The global impact investing market doubled to $228 billion in 2017 and now counts among its supporters both many of the world’s largest asset managers as well as asset owners.
Yet, this fast-developing industry struggles at times to answer a fundamental question: how do we know impact investing is creating real impact, and how can we better inform decision-makers to help guide them in pursuit of that same impact?
Good intentions among fund managers and investees don’t make up for the sometimes confusing and wide variety of standards and frameworks for impact measurement. Such uncertainty opens the door to both selling the concept of impact investing without delivering on actual impact—so-called impact washing—but also that dollars invested towards impact might not be going towards effective solutions.
Against this backdrop, the Rise Fund, a $2 billion impact-investing fund managed by TPG Growth, with The Bridgespan Group, a global social-impact advisory firm—has attempted to bring the rigor of financial performance measurement to the assessment of social and environmental impact.
After wide consultation with experts in the field, we have developed a methodology to estimate—before any money is committed—the economic value of the social or environmental good that that we believe is likely to result from each dollar invested. The methodology uses publicly available research to calibrate impact potential, which must cross a minimum threshold for approval, similar to the return on investment threshold built into financial due diligence.
With this methodology, The Rise Fund assess potential investments through a measure knows as the Impact Multiple of Money (IMM)™. In a piece out today in the Harvard Business Review, we take a deep dive into how the IMM works, which we’ve laid out here in brief.
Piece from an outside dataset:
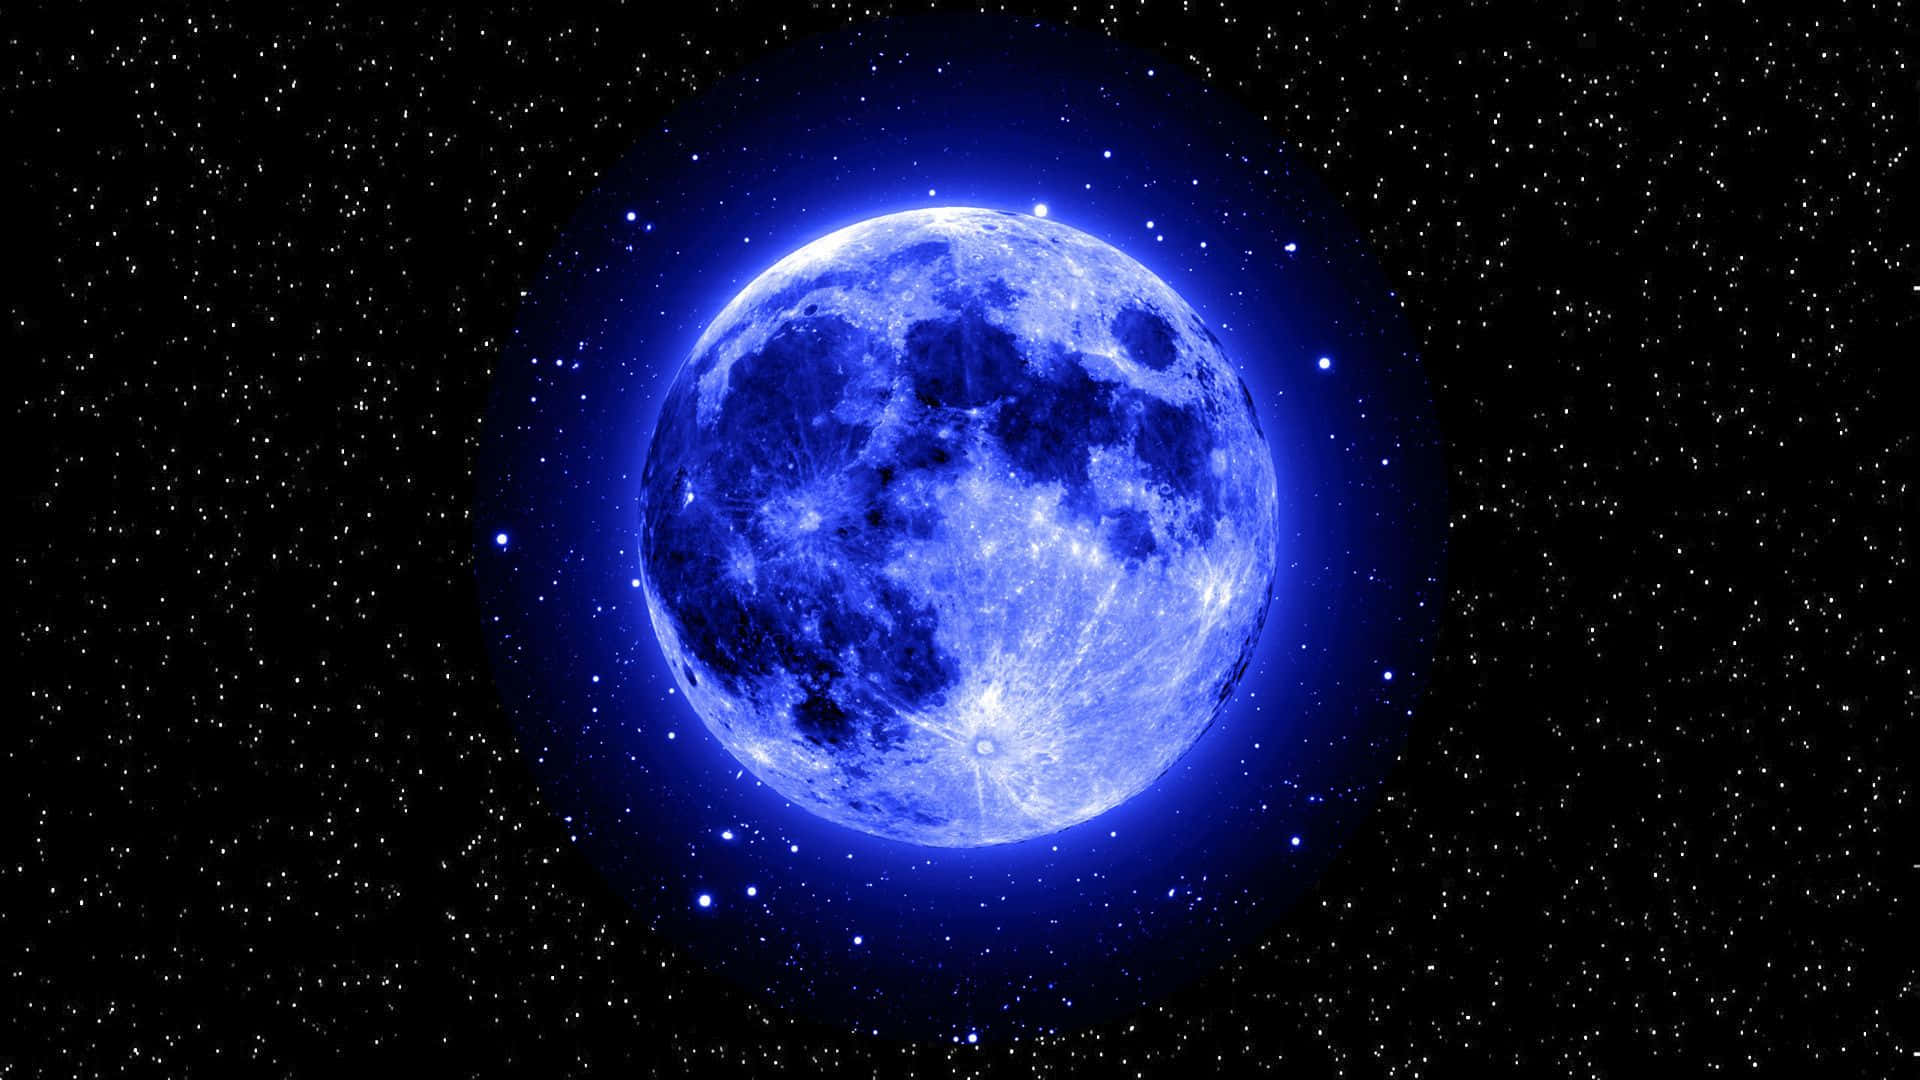 A beautiful view of the night sky with a full moon

IMM puts impact underwriting on a similar field with financial underwriting by producing a single number to inform decision-making. Rise will invest in a company only if the IMM calculation suggests a minimum social return on investment of $2.50 for every $1 invested—an IMM expressed as 2.5X—a threshold the fund set as its own minimum goal. The methodology can be used to monetize outcomes ranging from lower greenhouse gas emissions, to higher educational attainment, to better health. Here are the six steps involved:
Assess Relevance and Scale: This is the initial qualitative screen. Does the company have an intentionality directed at creating positive social or environmental impact, and can it be measured? How many people will its product or service reach? Just as investors filter out deals that don’t show financial promise, IMM filters out companies with low impact promise.
Identify Evidence-Based Outcomes: Identify social or environmental outcome targets—linked to the UN’s Sustainable Development Goals—and determine whether existing research and data verify that the outcomes are achievable and measurable. Evidence is the bedrock of IMM and the antidote to impact washing; it anchors impact projections in best available research.
Estimate the Economic Value of Those Outcomes to Society: Utilize research that provides an evidence base for claims of impact. Then use economic research to put a dollar value on the projected social or environmental change.
Adjust for Risks: IMM uses an “impact realization” formula that discounts the likelihood of achieving the projected social or environmental value. The formula takes a number of factors into account, including the rigor of the anchor research and the relevance of the research to the company or product.
Estimate Terminal Value: A concept used in the business world, terminal value in this case estimates the probability that the social or environmental value created will continue for five years after an investment terminates. IMM adjusts that residual value downward to account for expected diminished impact over the five-year post-investment period.
Calculate the return on every dollar invested: Start with the total projected value created by the investment and right-size it to reflect the investor’s proportional ownership stake. For instance, if Rise invests $30 million to buy a 40 percent ownership stake in a company projected to generate $600 million in social value, it can take credit only for the proportion of that value reflected by its stake: $240 million. Rise divides $240 million by its $30 million investment and arrives at $8 in social value for every $1 it invested—an IMM of 8X.
IMM is rigorous and deeply rooted in peer-reviewed research, but given the number of assumptions and choices involved, it does not claim to provide a definitive return-on-investment number. It should be viewed as a directional estimate of the potential magnitude of a company’s social or environmental impact, not a precise calculation. Nonetheless, we believe IMM provides valuable guidance regarding which investments will or will not have a significant social impact, allowing investors to have increased insight at the start of the process to better guide their decision-making. And it can be especially helpful for calibrating investments within a sector, permitting comparisons between deals.
At this early stage in IMM’s development, we expect to identify and make adjustments as we apply it to a variety of investments. It also has limitations. It is difficult to apply to an earlier stage investment where growth numbers skew very high, to investments in innovations that lack an impact research base, and to topics of equity and justice that are hard to monetize.
Limitations aside, we believe IMM is a timely and valuable tool that demonstrates the value of evidence-based impact investing, and can help better inform decision makers as they act in pursuit of positive impact. Through this, we believe we can help enable the kind of impact investment at scale that is necessary to truly address the UN’s Sustainable Development Goals. Time, and rigorous evaluation, will determine whether our optimism is justified.
Maya Chorengel is a senior partner at the Rise Fund and Michael Etzel is a partner at Bridgespan Group.